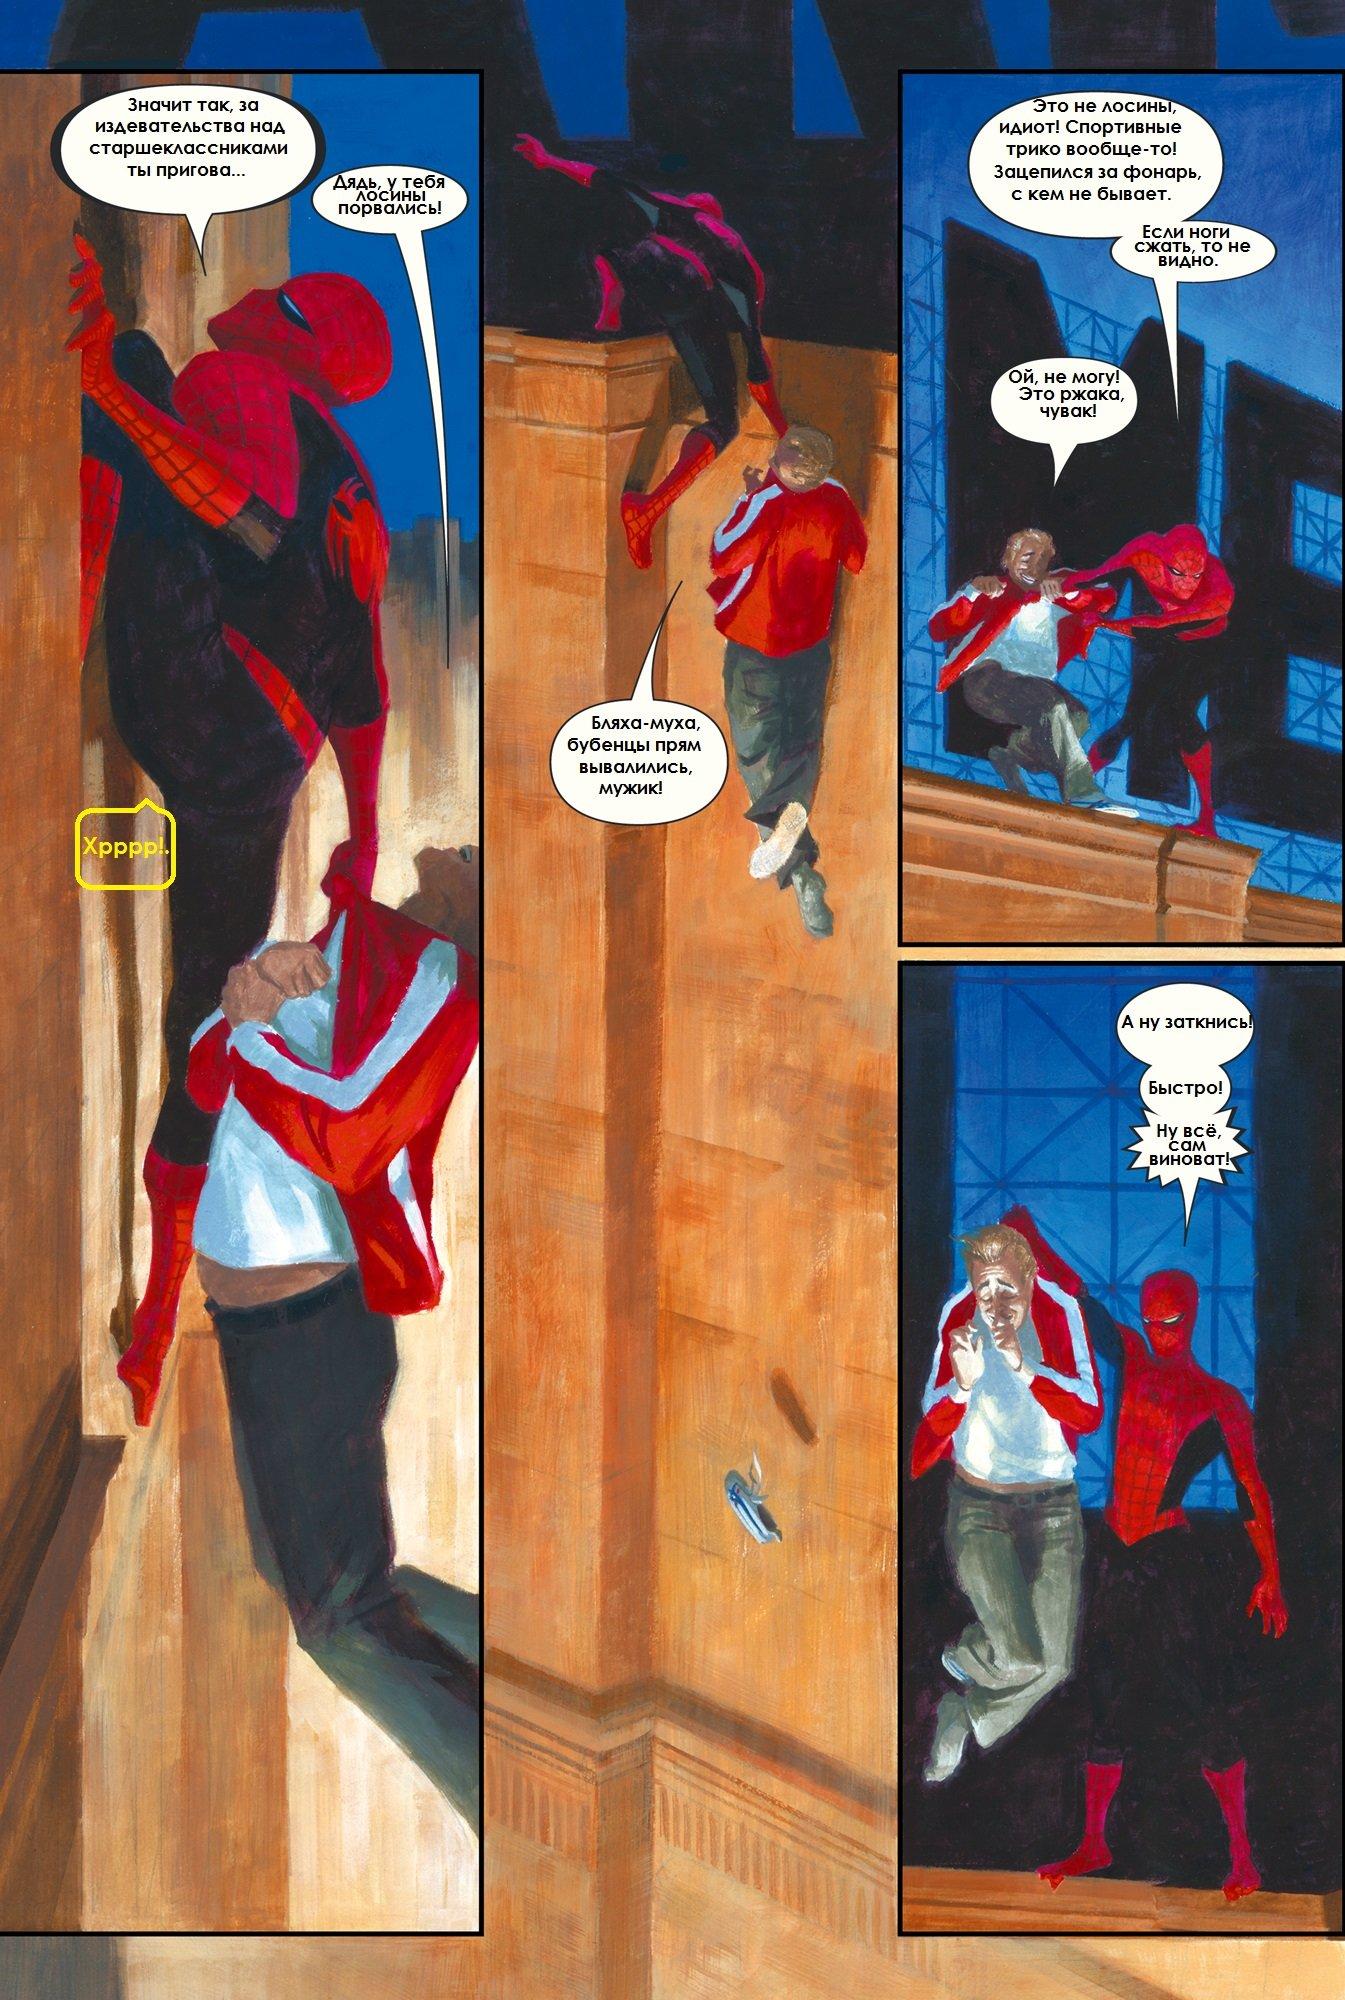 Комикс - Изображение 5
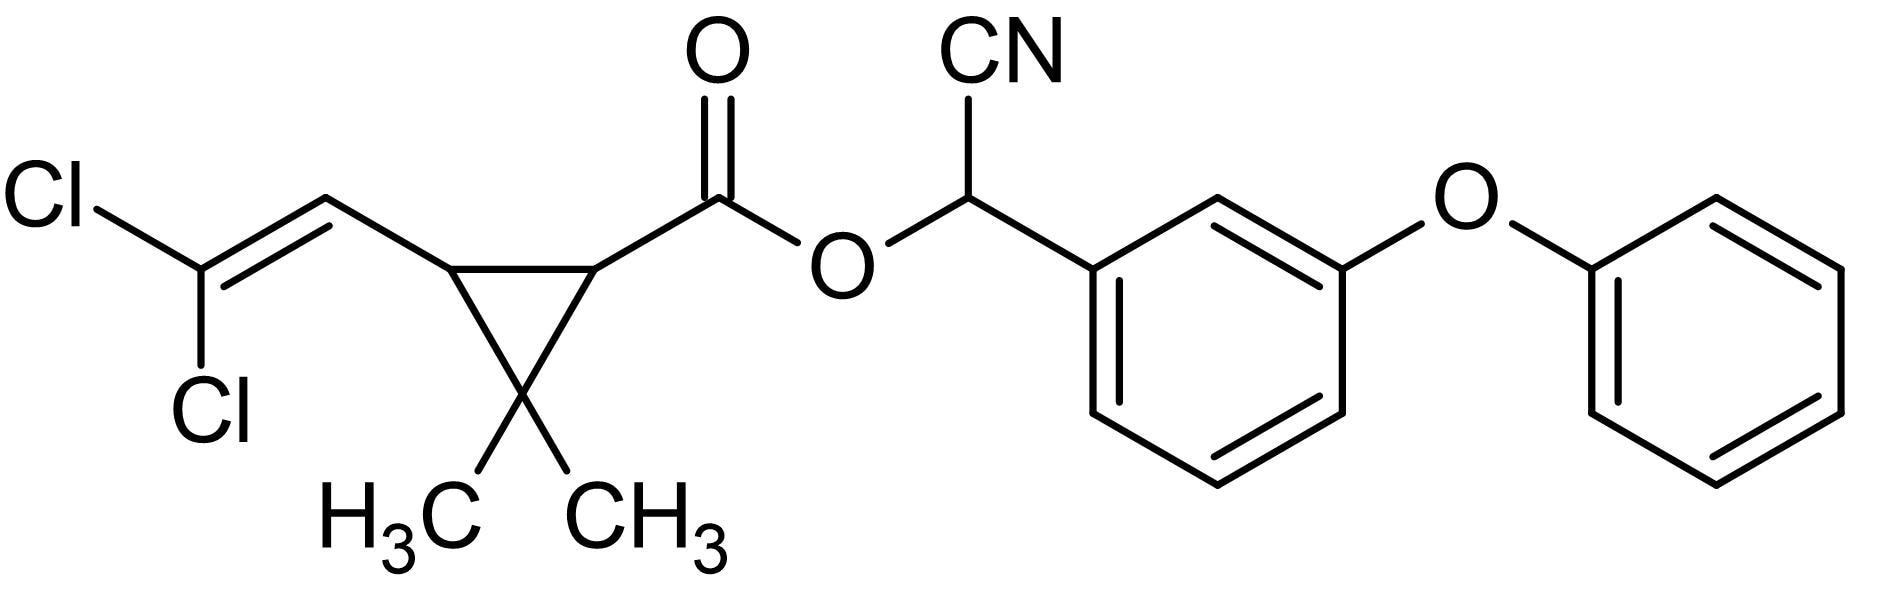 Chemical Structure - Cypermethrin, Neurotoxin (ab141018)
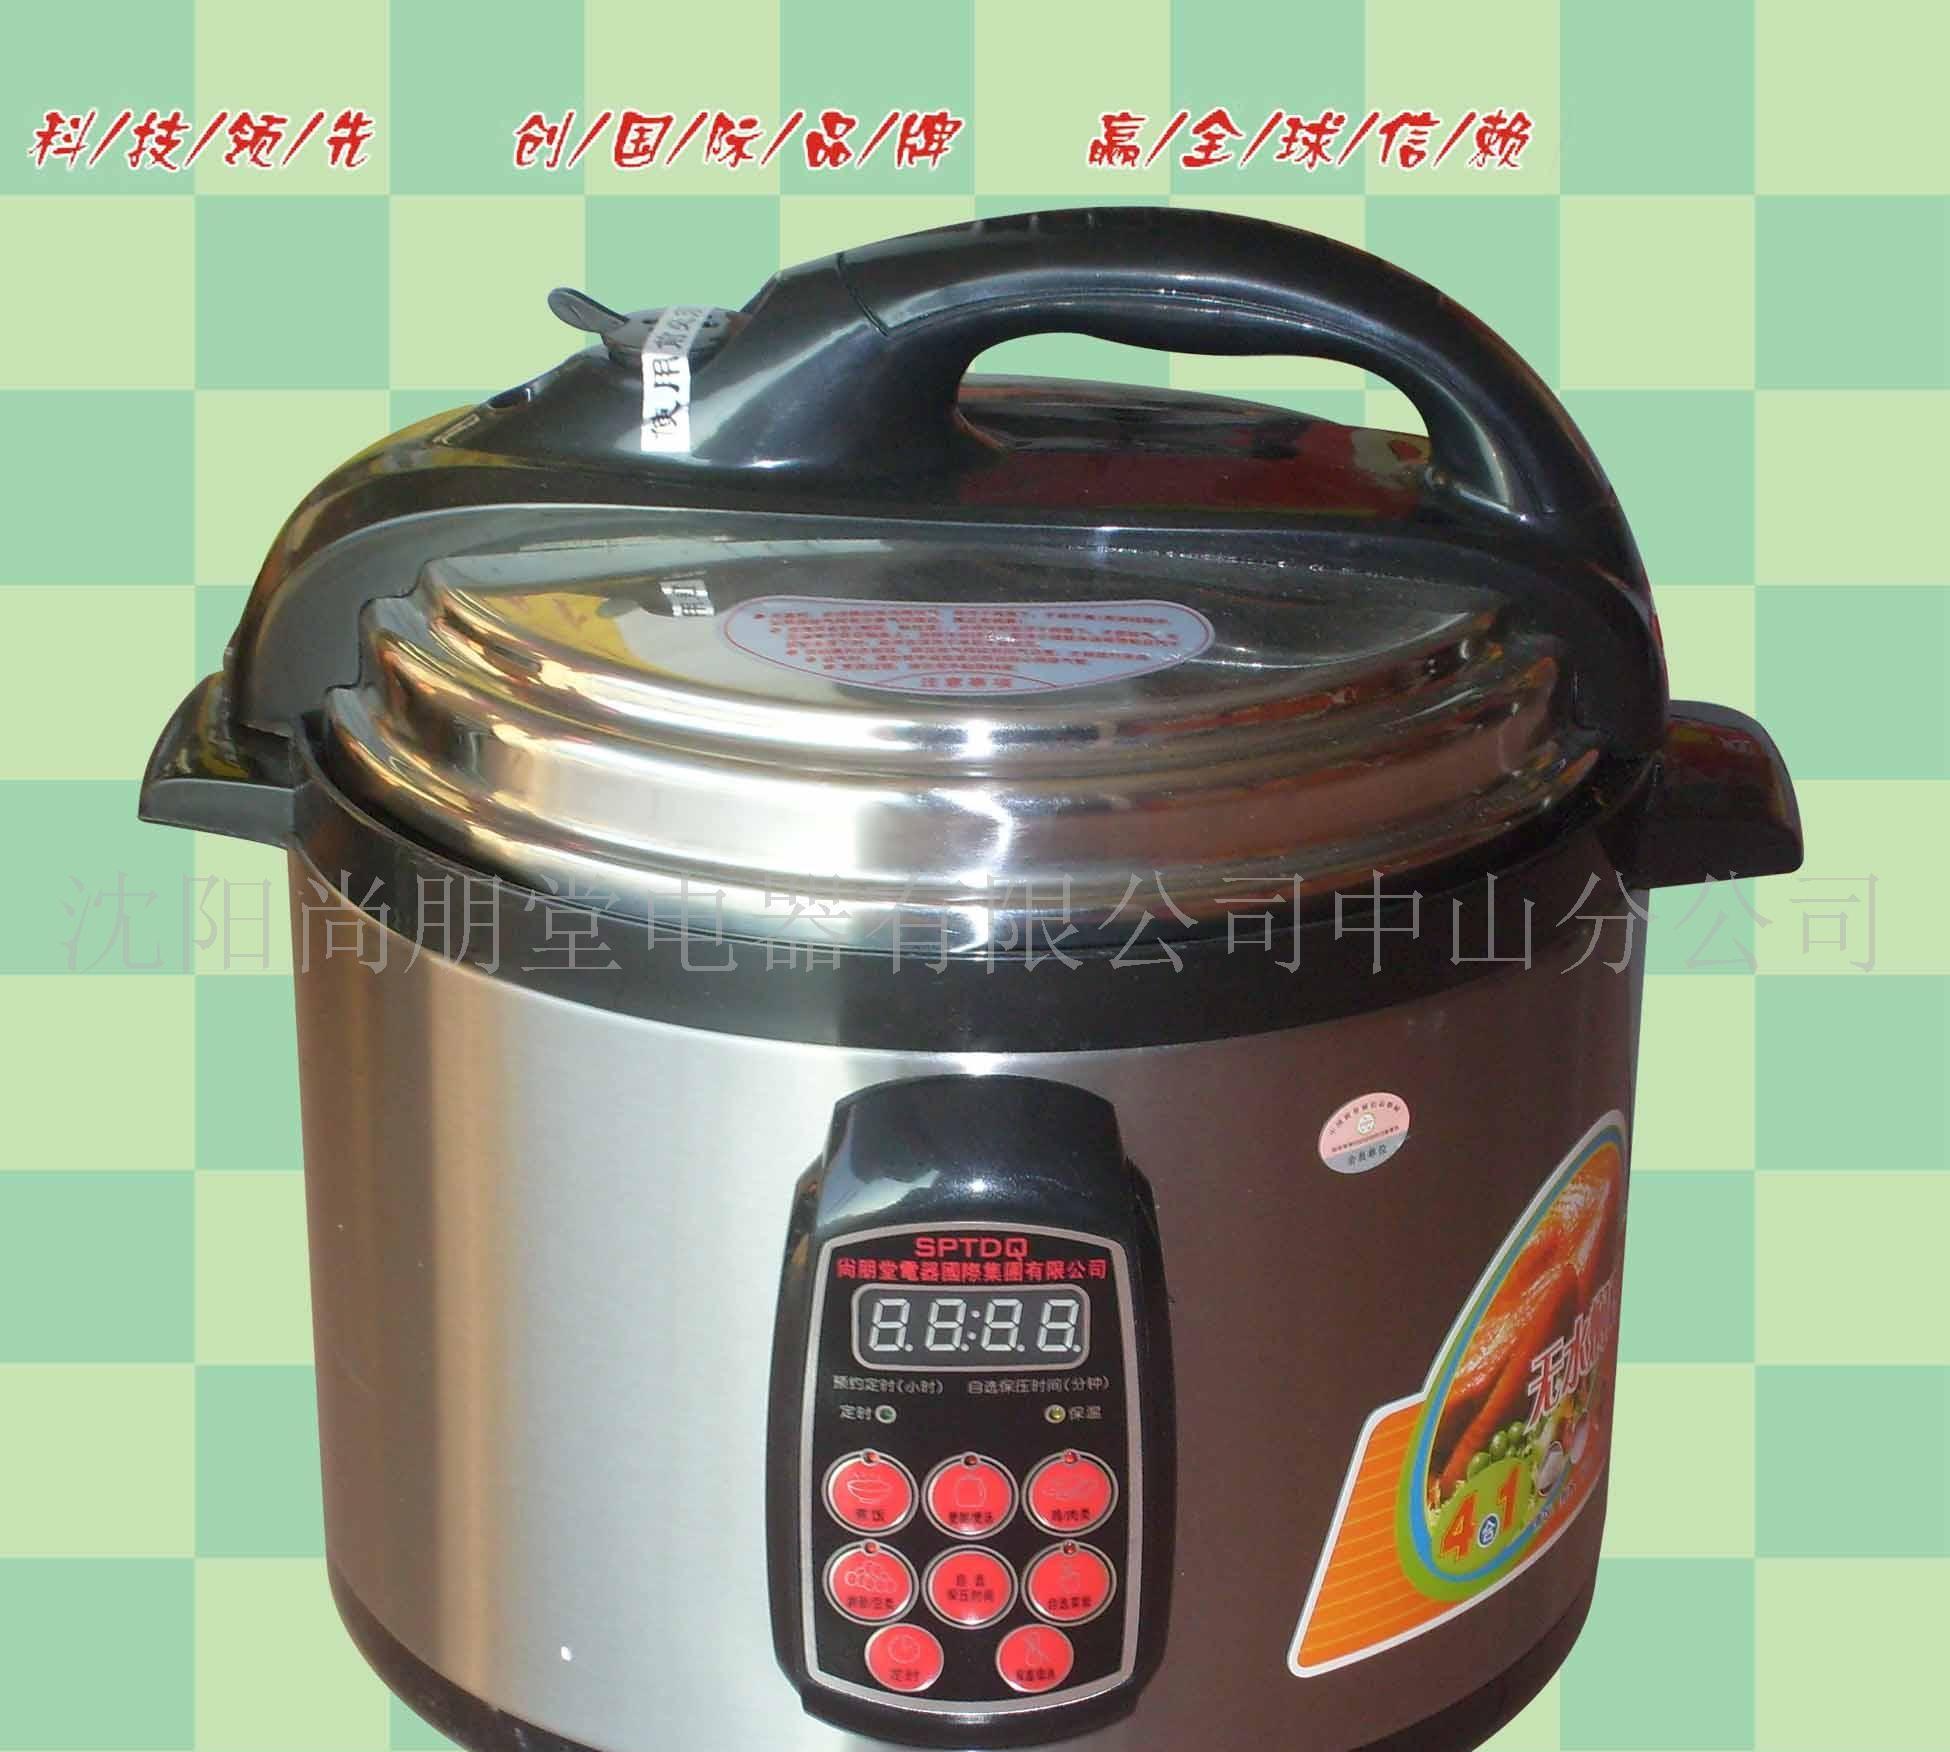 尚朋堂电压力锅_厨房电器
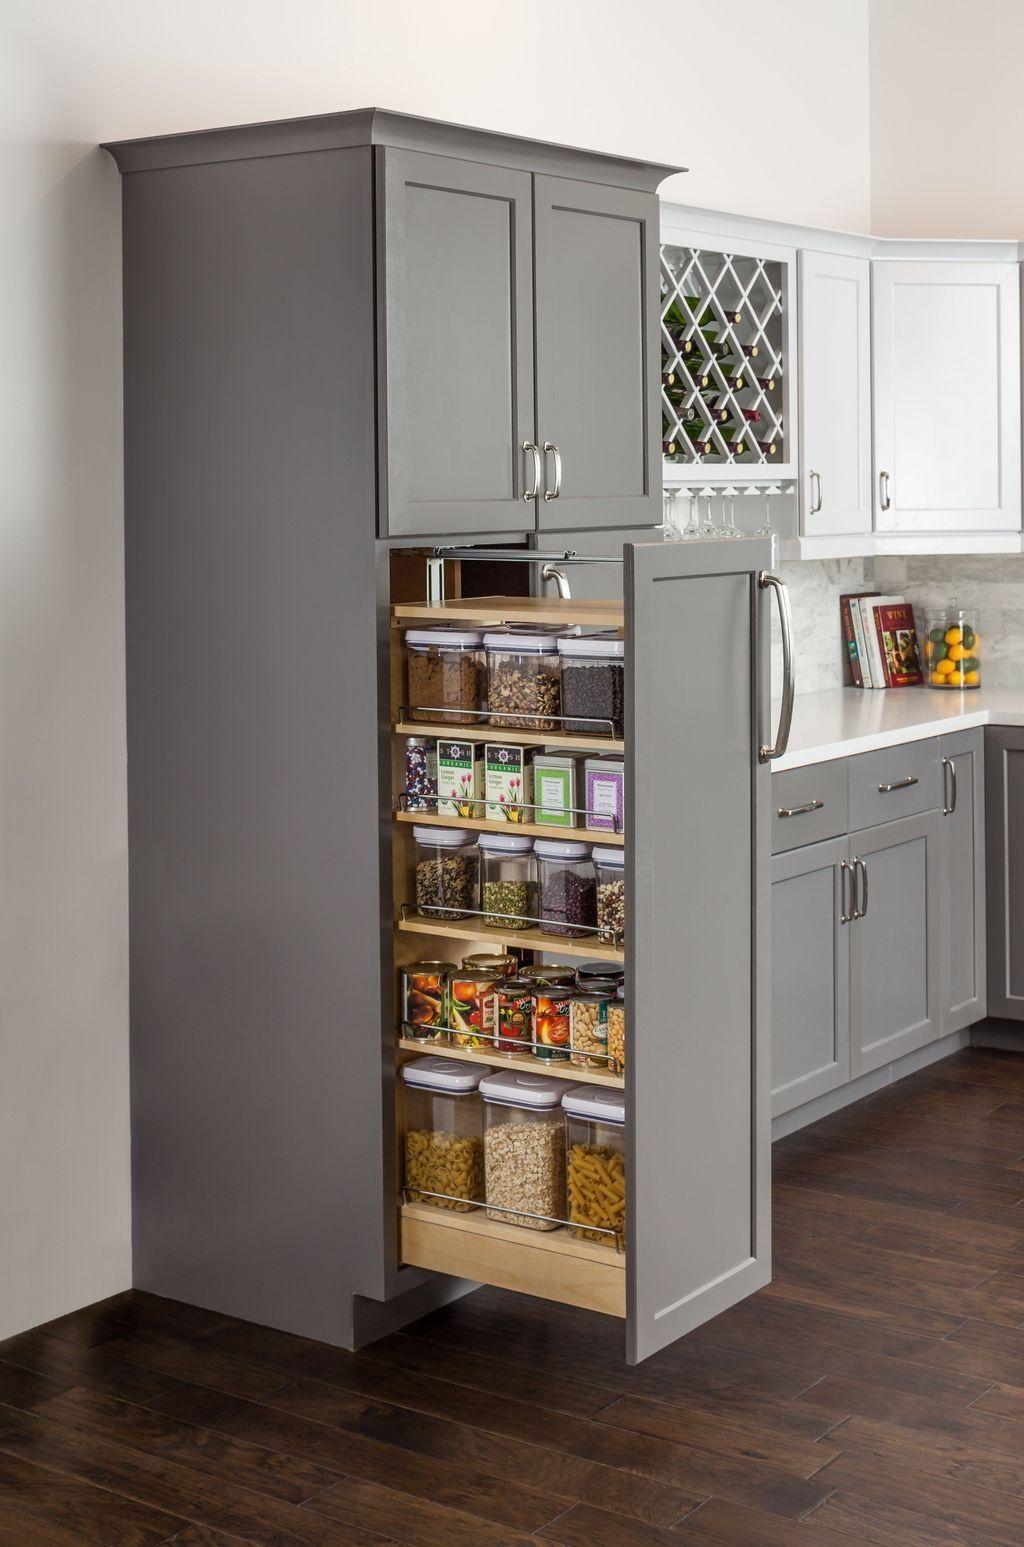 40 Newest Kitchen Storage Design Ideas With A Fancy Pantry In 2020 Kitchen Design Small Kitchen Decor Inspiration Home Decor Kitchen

• **Exercise goal**:
Would you set down the listing exactly, omitting pictures?

• **Result of this task**:
 Комикс - Изображение 5
 Chemical Structure - Cypermethrin, Neurotoxin (ab141018)
 尚朋堂电压力锅_厨房电器
 40 Newest Kitchen Storage Design Ideas With A Fancy Pantry In 2020 Kitchen Design Small Kitchen Decor Inspiration Home Decor Kitchen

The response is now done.